Friday, January 6, 2012

To infinity... and beyond! - or just 2012

Its hard to think its already 2012!  So many great things to look forward to this year, including but not limited to the end of days in about 12 months from now.  Might I suggest everyone get out their lawn chairs for a front row seat for the rapture!

Im hopefully going to wrap up several topics into this one blog post, so here we go.

As a result of my illness,  I have been considered permanently and totally disabled as far as the IRS and SSI are concerned and as such I no longer work full time in an "office".  Not to say one day I won't, but for now - no work for me.  I assume it would come as no surprise to any of you that my days become, at times, monotonous and extremely boring.   Summer is different, but as anyone from Dayton can tell you, the winter months are just abysmal, with very little to do.  (I will say the above average temperatures have made my breathing a lot easier!)  With all that said, I finally decided, with the approval from my physicians and my parents, that I would go back to school.  Nothing particularly fancy, I don't think I should take a full load at first, I want to gradually get back into the swing of things.  Therefore I'm currently just taking one class.  I was lucky enough to also find it available Tuesday nights from 6:00 - 9:15, so I don't have to worry about getting up early which we all know I loathe, but more importantly, I won't have to adjust any of my medical appointments because of class and vice versa.   Im excited because this gives me the opportunity to regain a little of my life outside of my house, gives me a feeling of doing something that 'matters'.   I enjoy Wright State's campus, since all the buildings are connected with the tunnel network, and the buildings on campus are all extremely close together - it makes walking (which can sometimes, when its cold out, be an overwhelming task).   Just being able to get out of the house and do something that has purpose to it, is a great feeling.

Chemotherapy...


This is extremely late and I apologize for not explaining in detail what is happening like I said I would.  


On November 28th, Dr. Nanda and I had our usual "pre chemotherapy" appointment in which we were to go over the results of my staging scans.  Just so you understand, throughout a patients treatment plan different types of tests and images are taken along the way to guide the Oncologists in the appropriate direction for your treatment.  I get lots of blood work done all the time, and different breathing tests and cardio-pulmonary tests etc.  but the staging scans are the 'pictures' which show if, ultimately, the tumors are shrinking.

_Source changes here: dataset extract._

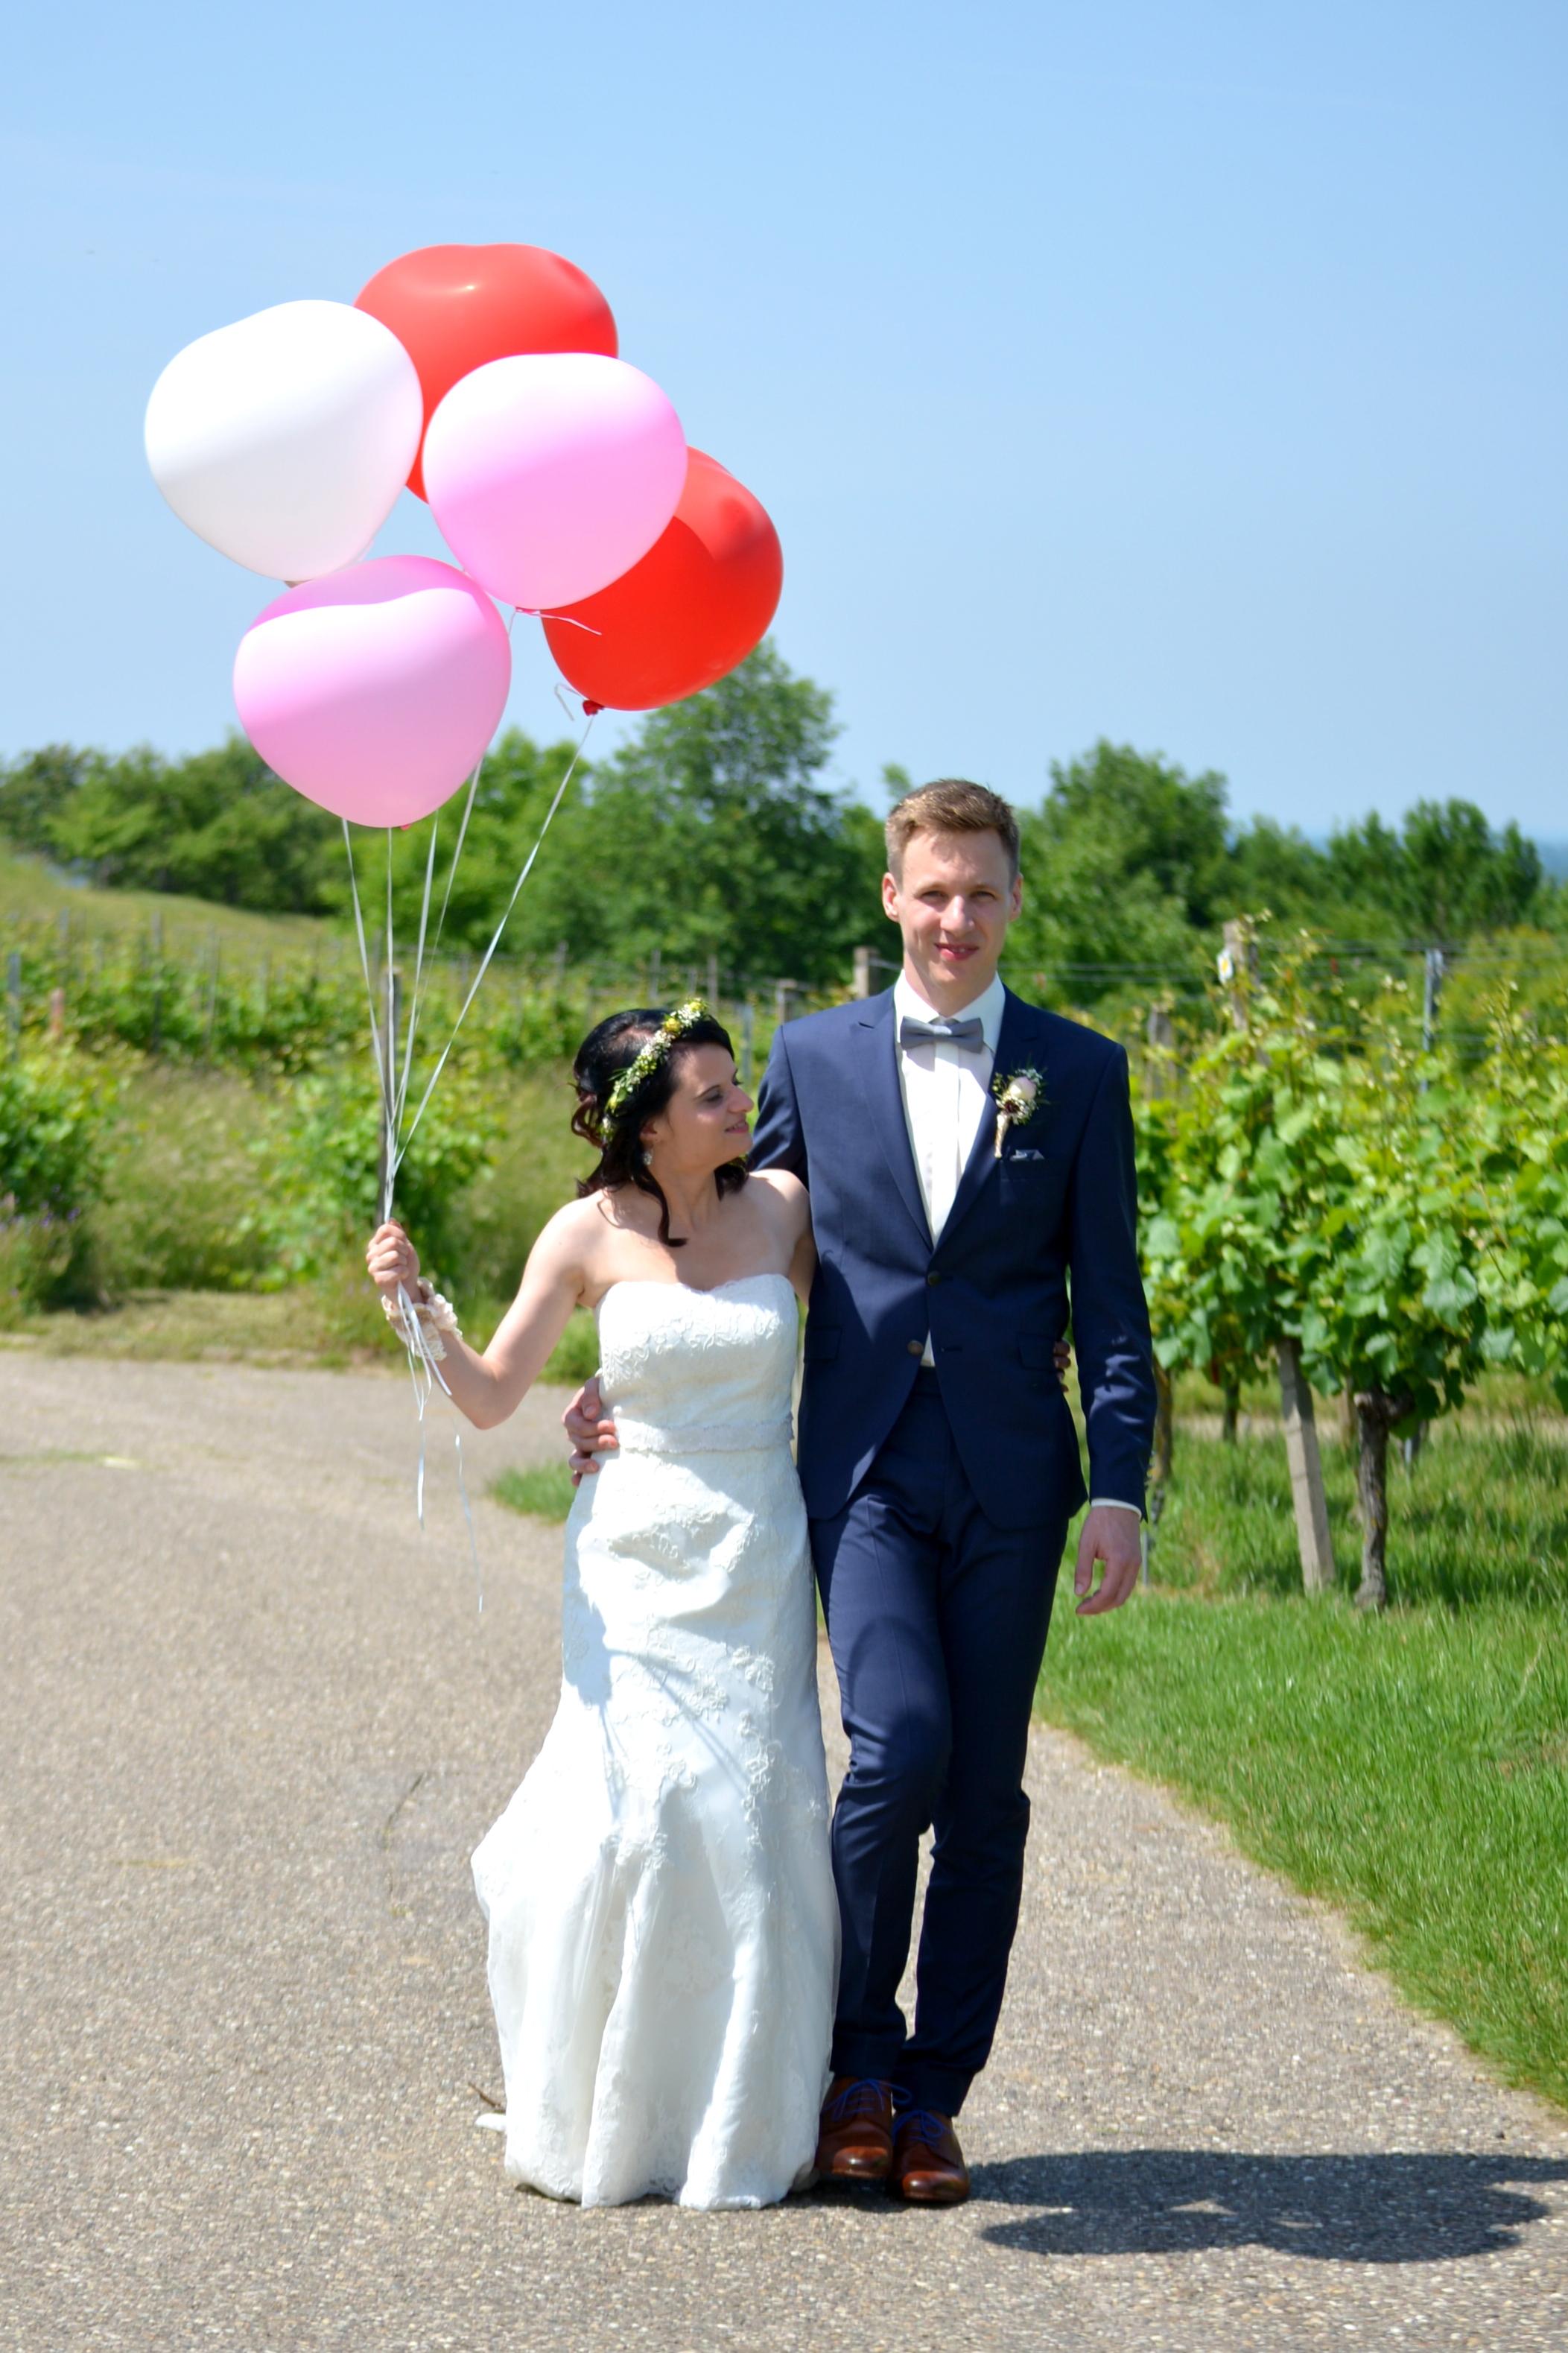 Hochzeitsfotografien, Fotografien, Paarshooting, Offenburg, Silke Berg, individuellefotografie.de

It should be said, since my diagnosis on 12/02/2008, never have I had a staging scan (which is given at 3-4 month intervals) that came back with a finding of "nodular consolidation" - or shrinking,  but I've also never had an increase of the tumors either, I've always had "findings are stable and similar, with little to no change from previous scan".  While I don't get amazing news that they are shrinking, I don't get bad news that its not responding.   Status quo for me!  If Im being honest, it used to bother me, to the point I would sometimes shed a few tears, but it was more because in my naivety, I thought it meant the chemotherapy wasn't working and in actuality the chemotherapy is keeping my tumors from grown larger.

So with that said, about 6 months ago Dr. Nanda wanted to try to increase the duration of time between my cycles to see if there was any change.   So we did, every cycle got a little longer, which was great for me especially over the summer!  She monitored me closely and this series of staging scans I was to have the results for on the 28th would be the tell tale factor, either my body would have succumbed to the tumors in some capacity, or they would have stayed the same and according the results of the staging scans, my results were no increase in nodular diffusion, similar findings to previous scan. 

This is good news!  So the long and the short of it - she told me she was comfortable DC (discontinuing) the chemotherapy to let my body rebound.  Im sure most of you know 3.5 years of non stop chemotherapy is not the typical scenario, its usually six cycles and you're done.  She explained to me she thought my body was strong enough now that I could (at least for the time being) keep the tumors from growing and as a result of not being on the chemo, the immune system that has been annihilated and subsequently suppressed since then, will have an opportunity to rebound and replace itself.

Im not going to lie - its scary.  I remember once upon a time a few years ago when a specialist at OSU: The James decided to DC my chemo and everything came rushing back and I ended up back in the hospital for three months.  But I realize my body is stronger now, and Im in a different place health wise now, and above all that, I trust Dr. Nanda.  I know, from the bottom of my heart, she would never jeopardize my life, or my wellbeing so Im comfortable.  Im scared, but comfortable.  So - here we are... The first week of January and no chemotherapy.  I get staging scans every 2 months now all year, assuming I stay off the chemo, so she can monitor my lungs very closely.  So Im hoping for the best!

Im going to break this update into a few pieces so - for right now...  this is the end of part 1, ill update part 2 shortly!